Data items
»»
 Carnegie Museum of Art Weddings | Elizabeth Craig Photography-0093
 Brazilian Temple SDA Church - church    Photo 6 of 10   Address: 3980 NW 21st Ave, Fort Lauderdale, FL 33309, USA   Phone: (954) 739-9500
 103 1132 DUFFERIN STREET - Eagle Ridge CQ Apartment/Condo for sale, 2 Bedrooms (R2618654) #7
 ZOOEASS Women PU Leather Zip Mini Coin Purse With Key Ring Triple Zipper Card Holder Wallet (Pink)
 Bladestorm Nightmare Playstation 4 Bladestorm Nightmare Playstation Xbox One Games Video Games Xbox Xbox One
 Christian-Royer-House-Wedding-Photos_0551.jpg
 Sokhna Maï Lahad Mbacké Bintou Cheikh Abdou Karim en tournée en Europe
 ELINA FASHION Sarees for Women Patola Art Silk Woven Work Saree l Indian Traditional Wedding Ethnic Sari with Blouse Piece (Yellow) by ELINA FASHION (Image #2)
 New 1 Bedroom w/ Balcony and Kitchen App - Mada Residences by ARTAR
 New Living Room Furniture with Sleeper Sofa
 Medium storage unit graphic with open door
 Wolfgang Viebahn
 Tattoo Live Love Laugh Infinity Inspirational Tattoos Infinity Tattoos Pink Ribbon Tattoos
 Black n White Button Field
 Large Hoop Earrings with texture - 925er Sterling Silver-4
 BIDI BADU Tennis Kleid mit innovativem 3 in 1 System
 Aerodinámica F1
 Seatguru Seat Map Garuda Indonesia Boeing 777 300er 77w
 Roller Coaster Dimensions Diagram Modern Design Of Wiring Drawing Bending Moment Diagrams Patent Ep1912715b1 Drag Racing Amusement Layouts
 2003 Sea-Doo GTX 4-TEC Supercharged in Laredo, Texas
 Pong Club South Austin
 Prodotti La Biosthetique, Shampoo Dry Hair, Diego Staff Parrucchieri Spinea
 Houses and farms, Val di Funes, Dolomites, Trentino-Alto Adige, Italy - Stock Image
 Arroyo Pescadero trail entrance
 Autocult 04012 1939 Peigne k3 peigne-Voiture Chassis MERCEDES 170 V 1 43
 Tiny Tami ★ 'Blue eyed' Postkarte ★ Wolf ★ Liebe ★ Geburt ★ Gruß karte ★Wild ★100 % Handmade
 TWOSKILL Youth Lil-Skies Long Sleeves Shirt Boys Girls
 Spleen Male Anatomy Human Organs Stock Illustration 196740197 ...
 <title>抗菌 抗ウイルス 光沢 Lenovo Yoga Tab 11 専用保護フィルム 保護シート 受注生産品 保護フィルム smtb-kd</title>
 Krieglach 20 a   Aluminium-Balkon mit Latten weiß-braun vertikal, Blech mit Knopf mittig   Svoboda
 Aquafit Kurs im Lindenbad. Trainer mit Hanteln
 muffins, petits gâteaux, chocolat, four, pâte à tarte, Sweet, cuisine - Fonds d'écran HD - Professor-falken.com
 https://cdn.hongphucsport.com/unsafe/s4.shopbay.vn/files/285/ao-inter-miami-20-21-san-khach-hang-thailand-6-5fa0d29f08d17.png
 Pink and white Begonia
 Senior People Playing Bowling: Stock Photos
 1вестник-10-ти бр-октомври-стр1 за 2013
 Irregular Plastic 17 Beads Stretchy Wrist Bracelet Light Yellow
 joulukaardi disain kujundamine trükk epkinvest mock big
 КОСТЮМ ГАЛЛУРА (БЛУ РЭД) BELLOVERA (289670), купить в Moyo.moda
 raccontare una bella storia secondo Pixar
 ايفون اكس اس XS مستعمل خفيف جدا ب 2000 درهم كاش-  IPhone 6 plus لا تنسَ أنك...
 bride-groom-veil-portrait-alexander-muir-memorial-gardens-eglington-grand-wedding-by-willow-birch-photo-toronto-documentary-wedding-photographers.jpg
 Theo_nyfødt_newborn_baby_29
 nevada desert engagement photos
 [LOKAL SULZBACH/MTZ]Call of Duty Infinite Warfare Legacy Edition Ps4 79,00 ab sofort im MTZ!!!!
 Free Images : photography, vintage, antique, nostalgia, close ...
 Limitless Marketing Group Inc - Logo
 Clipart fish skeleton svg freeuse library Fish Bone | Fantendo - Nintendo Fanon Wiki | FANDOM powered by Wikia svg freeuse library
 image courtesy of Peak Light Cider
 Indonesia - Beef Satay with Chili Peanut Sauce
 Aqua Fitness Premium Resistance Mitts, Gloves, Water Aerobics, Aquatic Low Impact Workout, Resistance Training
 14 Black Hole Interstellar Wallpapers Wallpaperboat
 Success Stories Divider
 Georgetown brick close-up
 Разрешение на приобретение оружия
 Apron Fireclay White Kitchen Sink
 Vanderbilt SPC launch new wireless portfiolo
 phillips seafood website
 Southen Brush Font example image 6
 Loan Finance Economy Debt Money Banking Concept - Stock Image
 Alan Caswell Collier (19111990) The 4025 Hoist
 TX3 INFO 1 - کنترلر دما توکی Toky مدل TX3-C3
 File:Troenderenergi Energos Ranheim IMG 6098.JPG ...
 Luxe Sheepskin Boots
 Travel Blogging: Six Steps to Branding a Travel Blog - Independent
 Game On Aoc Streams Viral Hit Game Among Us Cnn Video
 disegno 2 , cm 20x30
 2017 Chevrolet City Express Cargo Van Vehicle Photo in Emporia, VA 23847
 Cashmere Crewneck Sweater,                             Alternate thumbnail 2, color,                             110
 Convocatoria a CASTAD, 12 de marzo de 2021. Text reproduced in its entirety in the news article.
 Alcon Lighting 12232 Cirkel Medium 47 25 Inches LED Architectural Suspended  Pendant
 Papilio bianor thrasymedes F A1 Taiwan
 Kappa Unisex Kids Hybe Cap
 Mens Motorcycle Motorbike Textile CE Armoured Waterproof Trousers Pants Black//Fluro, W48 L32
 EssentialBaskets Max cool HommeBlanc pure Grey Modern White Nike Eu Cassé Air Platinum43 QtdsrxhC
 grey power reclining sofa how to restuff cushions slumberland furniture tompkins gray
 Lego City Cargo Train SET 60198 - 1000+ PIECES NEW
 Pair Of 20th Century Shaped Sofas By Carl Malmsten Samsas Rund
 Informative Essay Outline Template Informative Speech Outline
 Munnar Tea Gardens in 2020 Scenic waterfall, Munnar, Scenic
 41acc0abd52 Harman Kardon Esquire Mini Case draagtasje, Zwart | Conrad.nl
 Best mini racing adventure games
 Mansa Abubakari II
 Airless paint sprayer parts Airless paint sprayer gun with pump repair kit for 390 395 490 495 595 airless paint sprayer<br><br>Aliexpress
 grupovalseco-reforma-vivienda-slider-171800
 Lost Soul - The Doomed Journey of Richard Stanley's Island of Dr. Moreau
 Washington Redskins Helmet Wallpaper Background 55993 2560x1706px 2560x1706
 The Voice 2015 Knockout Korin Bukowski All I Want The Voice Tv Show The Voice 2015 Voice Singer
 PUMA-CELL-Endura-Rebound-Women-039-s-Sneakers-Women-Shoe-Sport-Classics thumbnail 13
««
Please make the answer a complete, exact reproduction of the records.

◆ **TASK RESPONSE**:
 Carnegie Museum of Art Weddings | Elizabeth Craig Photography-0093
 Brazilian Temple SDA Church - church    Photo 6 of 10   Address: 3980 NW 21st Ave, Fort Lauderdale, FL 33309, USA   Phone: (954) 739-9500
 103 1132 DUFFERIN STREET - Eagle Ridge CQ Apartment/Condo for sale, 2 Bedrooms (R2618654) #7
 ZOOEASS Women PU Leather Zip Mini Coin Purse With Key Ring Triple Zipper Card Holder Wallet (Pink)
 Bladestorm Nightmare Playstation 4 Bladestorm Nightmare Playstation Xbox One Games Video Games Xbox Xbox One
 Christian-Royer-House-Wedding-Photos_0551.jpg
 Sokhna Maï Lahad Mbacké Bintou Cheikh Abdou Karim en tournée en Europe
 ELINA FASHION Sarees for Women Patola Art Silk Woven Work Saree l Indian Traditional Wedding Ethnic Sari with Blouse Piece (Yellow) by ELINA FASHION (Image #2)
 New 1 Bedroom w/ Balcony and Kitchen App - Mada Residences by ARTAR
 New Living Room Furniture with Sleeper Sofa
 Medium storage unit graphic with open door
 Wolfgang Viebahn
 Tattoo Live Love Laugh Infinity Inspirational Tattoos Infinity Tattoos Pink Ribbon Tattoos
 Black n White Button Field
 Large Hoop Earrings with texture - 925er Sterling Silver-4
 BIDI BADU Tennis Kleid mit innovativem 3 in 1 System
 Aerodinámica F1
 Seatguru Seat Map Garuda Indonesia Boeing 777 300er 77w
 Roller Coaster Dimensions Diagram Modern Design Of Wiring Drawing Bending Moment Diagrams Patent Ep1912715b1 Drag Racing Amusement Layouts
 2003 Sea-Doo GTX 4-TEC Supercharged in Laredo, Texas
 Pong Club South Austin
 Prodotti La Biosthetique, Shampoo Dry Hair, Diego Staff Parrucchieri Spinea
 Houses and farms, Val di Funes, Dolomites, Trentino-Alto Adige, Italy - Stock Image
 Arroyo Pescadero trail entrance
 Autocult 04012 1939 Peigne k3 peigne-Voiture Chassis MERCEDES 170 V 1 43
 Tiny Tami ★ 'Blue eyed' Postkarte ★ Wolf ★ Liebe ★ Geburt ★ Gruß karte ★Wild ★100 % Handmade
 TWOSKILL Youth Lil-Skies Long Sleeves Shirt Boys Girls
 Spleen Male Anatomy Human Organs Stock Illustration 196740197 ...
 <title>抗菌 抗ウイルス 光沢 Lenovo Yoga Tab 11 専用保護フィルム 保護シート 受注生産品 保護フィルム smtb-kd</title>
 Krieglach 20 a   Aluminium-Balkon mit Latten weiß-braun vertikal, Blech mit Knopf mittig   Svoboda
 Aquafit Kurs im Lindenbad. Trainer mit Hanteln
 muffins, petits gâteaux, chocolat, four, pâte à tarte, Sweet, cuisine - Fonds d'écran HD - Professor-falken.com
 https://cdn.hongphucsport.com/unsafe/s4.shopbay.vn/files/285/ao-inter-miami-20-21-san-khach-hang-thailand-6-5fa0d29f08d17.png
 Pink and white Begonia
 Senior People Playing Bowling: Stock Photos
 1вестник-10-ти бр-октомври-стр1 за 2013
 Irregular Plastic 17 Beads Stretchy Wrist Bracelet Light Yellow
 joulukaardi disain kujundamine trükk epkinvest mock big
 КОСТЮМ ГАЛЛУРА (БЛУ РЭД) BELLOVERA (289670), купить в Moyo.moda
 raccontare una bella storia secondo Pixar
 ايفون اكس اس XS مستعمل خفيف جدا ب 2000 درهم كاش-  IPhone 6 plus لا تنسَ أنك...
 bride-groom-veil-portrait-alexander-muir-memorial-gardens-eglington-grand-wedding-by-willow-birch-photo-toronto-documentary-wedding-photographers.jpg
 Theo_nyfødt_newborn_baby_29
 nevada desert engagement photos
 [LOKAL SULZBACH/MTZ]Call of Duty Infinite Warfare Legacy Edition Ps4 79,00 ab sofort im MTZ!!!!
 Free Images : photography, vintage, antique, nostalgia, close ...
 Limitless Marketing Group Inc - Logo
 Clipart fish skeleton svg freeuse library Fish Bone | Fantendo - Nintendo Fanon Wiki | FANDOM powered by Wikia svg freeuse library
 image courtesy of Peak Light Cider
 Indonesia - Beef Satay with Chili Peanut Sauce
 Aqua Fitness Premium Resistance Mitts, Gloves, Water Aerobics, Aquatic Low Impact Workout, Resistance Training
 14 Black Hole Interstellar Wallpapers Wallpaperboat
 Success Stories Divider
 Georgetown brick close-up
 Разрешение на приобретение оружия
 Apron Fireclay White Kitchen Sink
 Vanderbilt SPC launch new wireless portfiolo
 phillips seafood website
 Southen Brush Font example image 6
 Loan Finance Economy Debt Money Banking Concept - Stock Image
 Alan Caswell Collier (19111990) The 4025 Hoist
 TX3 INFO 1 - کنترلر دما توکی Toky مدل TX3-C3
 File:Troenderenergi Energos Ranheim IMG 6098.JPG ...
 Luxe Sheepskin Boots
 Travel Blogging: Six Steps to Branding a Travel Blog - Independent
 Game On Aoc Streams Viral Hit Game Among Us Cnn Video
 disegno 2 , cm 20x30
 2017 Chevrolet City Express Cargo Van Vehicle Photo in Emporia, VA 23847
 Cashmere Crewneck Sweater,                             Alternate thumbnail 2, color,                             110
 Convocatoria a CASTAD, 12 de marzo de 2021. Text reproduced in its entirety in the news article.
 Alcon Lighting 12232 Cirkel Medium 47 25 Inches LED Architectural Suspended  Pendant
 Papilio bianor thrasymedes F A1 Taiwan
 Kappa Unisex Kids Hybe Cap
 Mens Motorcycle Motorbike Textile CE Armoured Waterproof Trousers Pants Black//Fluro, W48 L32
 EssentialBaskets Max cool HommeBlanc pure Grey Modern White Nike Eu Cassé Air Platinum43 QtdsrxhC
 grey power reclining sofa how to restuff cushions slumberland furniture tompkins gray
 Lego City Cargo Train SET 60198 - 1000+ PIECES NEW
 Pair Of 20th Century Shaped Sofas By Carl Malmsten Samsas Rund
 Informative Essay Outline Template Informative Speech Outline
 Munnar Tea Gardens in 2020 Scenic waterfall, Munnar, Scenic
 41acc0abd52 Harman Kardon Esquire Mini Case draagtasje, Zwart | Conrad.nl
 Best mini racing adventure games
 Mansa Abubakari II
 Airless paint sprayer parts Airless paint sprayer gun with pump repair kit for 390 395 490 495 595 airless paint sprayer<br><br>Aliexpress
 grupovalseco-reforma-vivienda-slider-171800
 Lost Soul - The Doomed Journey of Richard Stanley's Island of Dr. Moreau
 Washington Redskins Helmet Wallpaper Background 55993 2560x1706px 2560x1706
 The Voice 2015 Knockout Korin Bukowski All I Want The Voice Tv Show The Voice 2015 Voice Singer
 PUMA-CELL-Endura-Rebound-Women-039-s-Sneakers-Women-Shoe-Sport-Classics thumbnail 13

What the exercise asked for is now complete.